- Origin: Regina, Saskatchewan, Canada
- Genres: Indie rock
- Years active: 1999–present
- Labels: Smallman, Does Everyone Stare
- Members: Joel Passmore Riva Farell Racette Chris Notenboom Erin Passmore Jeff Romanyk
- Past members: Les Schaeffer
- Website: sylviemusic.com

= Sylvie (band) =

Canadian rock band

Sylvie is a Canadian indie rock music group from Regina, Saskatchewan. It features singer/guitarist Joel Passmore, formerly of the now-disbanded Despistado, alongside bass player Riva Farrell Racette, guitarist Chris Notenboom, keyboardist Erin Passmore, and drummer Jeff Romanyk. All band members also provide backing vocals.

==History==
Together since 1999, Sylvie developed alongside the members' other bands, emerging finally as their main focus with the release of 2005's An Electric Trace. This full-length album was recorded with Juno award-winning producer Brandon Friesen at Studio 11 in Winnipeg. Sylvie has played with such notables as Wintersleep, Minus the Bear, Death From Above 1979, The Smugglers, Hot Hot Heat, and The Constantines.

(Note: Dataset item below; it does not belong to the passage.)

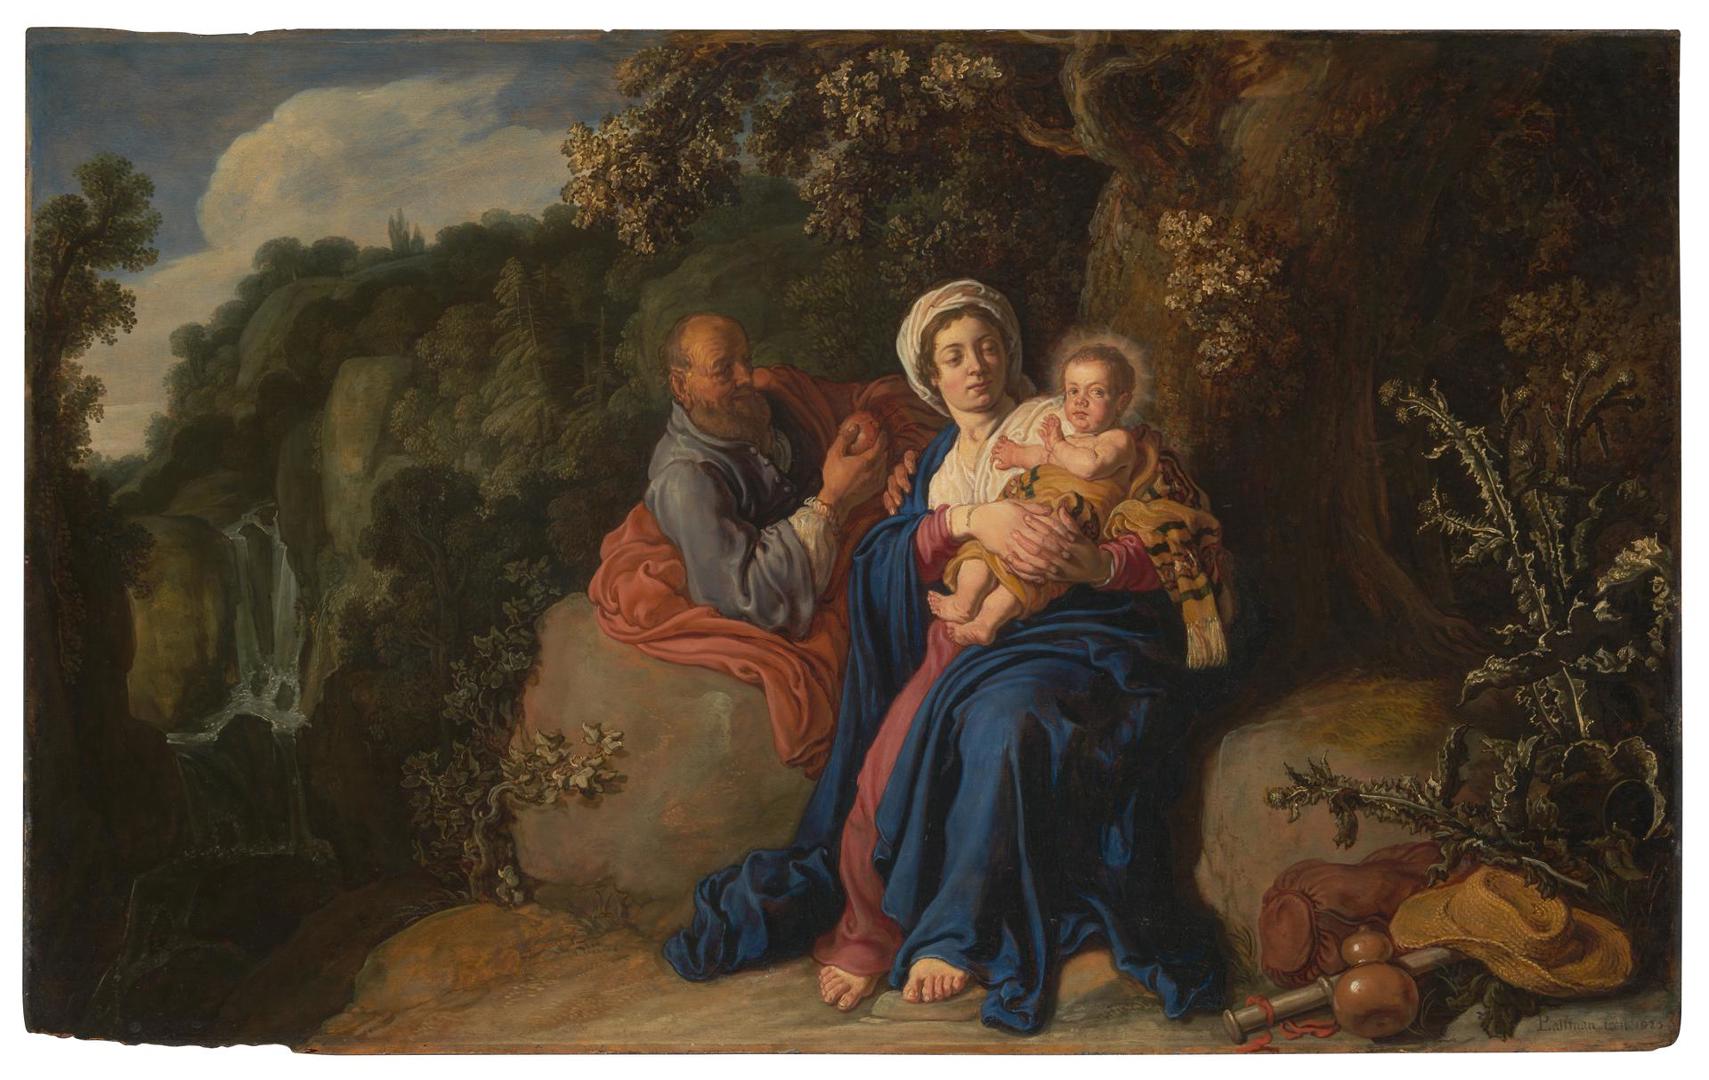 The Rest on the Flight into Egypt by Pieter Lastman

In 2003, Sylvie was nominated at the Western Canadian Music Awards (WCMA). Their album I Wish I Was Driving (produced by David J Taylor), released through Does Everyone Stare Records, was nominated for Outstanding Independent album of the year. This category included other artists such as Corb Lund, The Be Good Tanyas, and Swollen Members. Sylvie also played at the MuchMusic/Exclaim! showcase, as well as the industry awards show.

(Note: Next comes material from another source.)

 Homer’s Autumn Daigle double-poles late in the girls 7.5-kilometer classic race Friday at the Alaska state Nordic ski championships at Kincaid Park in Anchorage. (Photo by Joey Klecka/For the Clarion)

Their second full-length album An Electric Trace was released October 25, 2005, through Smallman Records. That year they showcased at NXNE and toured across Canada with Wintersleep and Uncut.

In 2006, they toured with controller.controller, and again with Wintersleep and The Ladies and Gentlemen (Small Sins). In February, Sylvie headlined with support from Ghosts of Modern Man and From Fiction for six weeks on their way to Canadian Music Week where they showcased at The Horseshoe for the Chart Magazine Night.

In June 2006, Sylvie was honoured on stage with the CBC Galaxie Award at their NXNE showcase. The Galaxie Rising Stars Program of the CBC is an original program designed to champion up-and-coming Canadian artists. Launched in 1998, this program sets out to discover, encourage and promote new artists. Past recipients include Arcade Fire, The Ladies and Gentlemen (Small Sins), and Great Lake Swimmers.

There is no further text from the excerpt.